In contrast to many modern Christian ideologies, Islam does not occupy itself with justifying the ways of God to man; its Yes is universal and unconditional. For the lover does not measure the worth of his mistress by a moral or social rod. But the mistress, by absorbing into her own being the dark and dangerous phenomena of life, mysteriously transluminates and sanctifies them, and imbues them with sweetness. An old Danish love poem has it: “There is witchcraft on your lips, an abyss within your gaze.” What the wooer desires is freedom to adore, what he craves and thirsts for is the assurance of being loved back. Kadidja’s caravaneer, with his eyes on the new moon, in the words of a later author, even though in a somewhat altered sense, is “God’s own mad lover-dying on a kiss.”
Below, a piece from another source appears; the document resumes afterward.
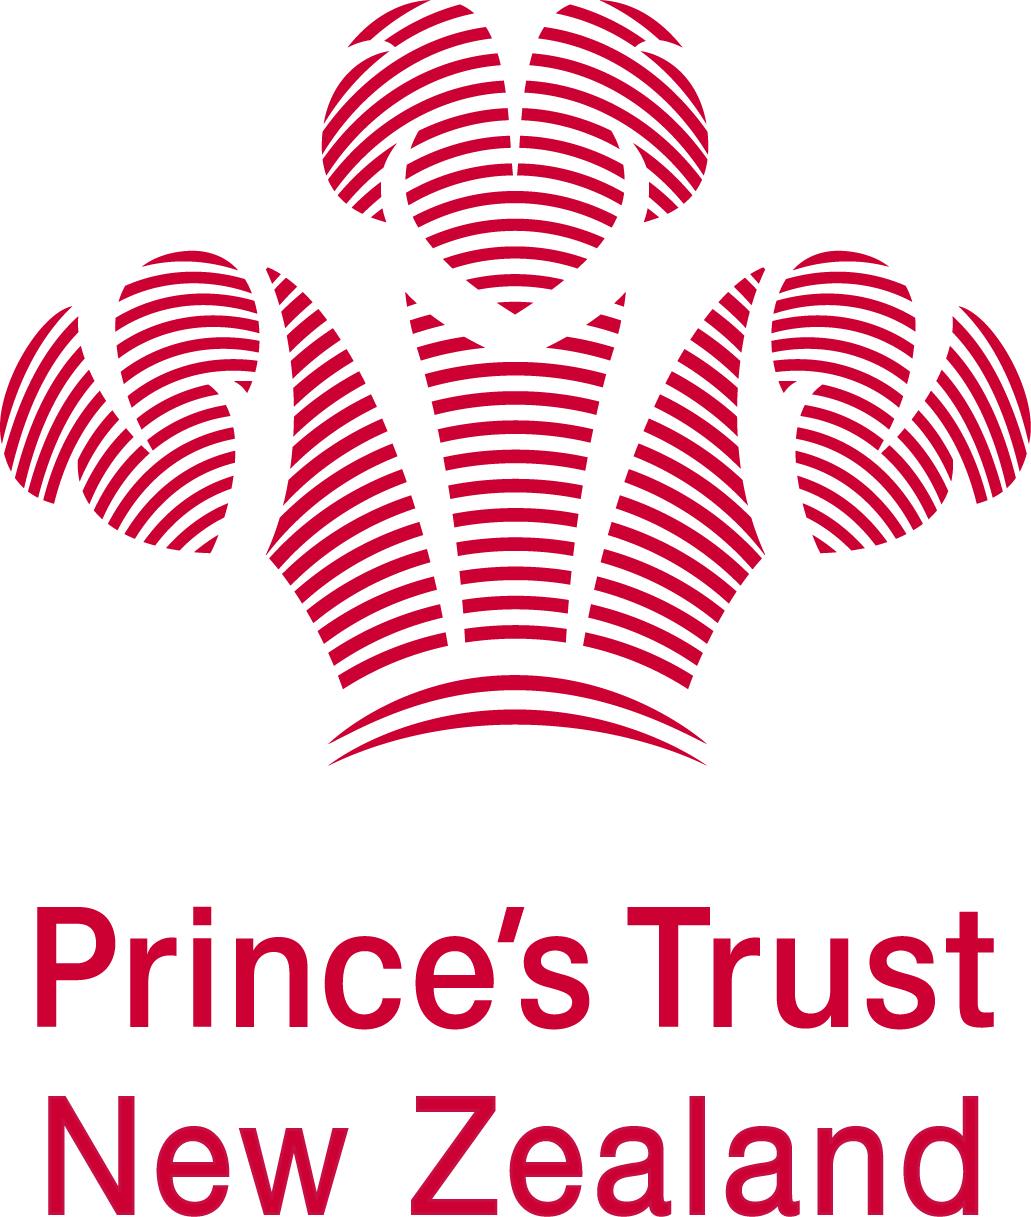 Prince's Trust New Zealand Logo

I sometimes wondered whether the tribes of the desert had become what they were by having been in the hand of the Prophet for twelve hundred years, or whether his Creed has taken such deep roots in them because from the very beginning they were of one blood with him. I imagined that just as the erotic aloofness of the founder of Christianity has left his disciples in a kind of void, or of chronic uneasiness and remorse, within this province of life, so has the formidable, indomitable potency of the Prophet pervaded his followers and made mighty latent forces in them fetch headway. Eroticism runs through the entire existence of the great wanderers. Horses and camels are desirable and exquisite possessions in a man’s life, and well worth that he should risk it for their sake. But they cannot compete or compare with women. To the hearts of the ascetic, hardened, ruthless tribes it is the number and the quality of the wives which decides a man’s success and happiness in life, and his own worth.
When, on the farm, I was called upon to give judgment in matters between my Mohammedan people, I looked up rules and regulations in the manual of Mohammedan law,
Minhaj et Talibin
. It is a thick and heavy, highly imposing book to have carried about with you, a surprising work as well to a North European mind in its taboos and recommendations, enlightening as to the Mohammedan view of life, infinitely detailed in its regulations on legal purity, prayer, fasting and distribution of alms and particularly upon woman and her position in the community of the Orthodox. “The law,” the classic states, “forbids a man to clothe himself in silk. But a woman may wear clothes of silk and should do so whenever this be in all decency possible to her.” The Somali whom I knew did, however, wear silk, but Farah explained to me that they would do so only when outside their own country and in the service of other people—and surely my old valued friend Ali bin Salim of Mombasa, or the old Indian high priest who came to see me on the farm, wore but the finest and most delicate wools. The book also lays down as law that a husband shall supply his wife not only with the necessary nourishment, lodgings and clothes, but that he shall also give her such and such luxuries, within his means, which are truly worthy of her and will make her truly value her husband. “In the case, however,” it adds, “of a woman of remarkable beauty, jurists may find themselves entirely in accordance and will have to weigh the matter between them.” The very grave and somewhat pedantic book thus registers woman’s beauty as an indisputable, juridical asset in existence.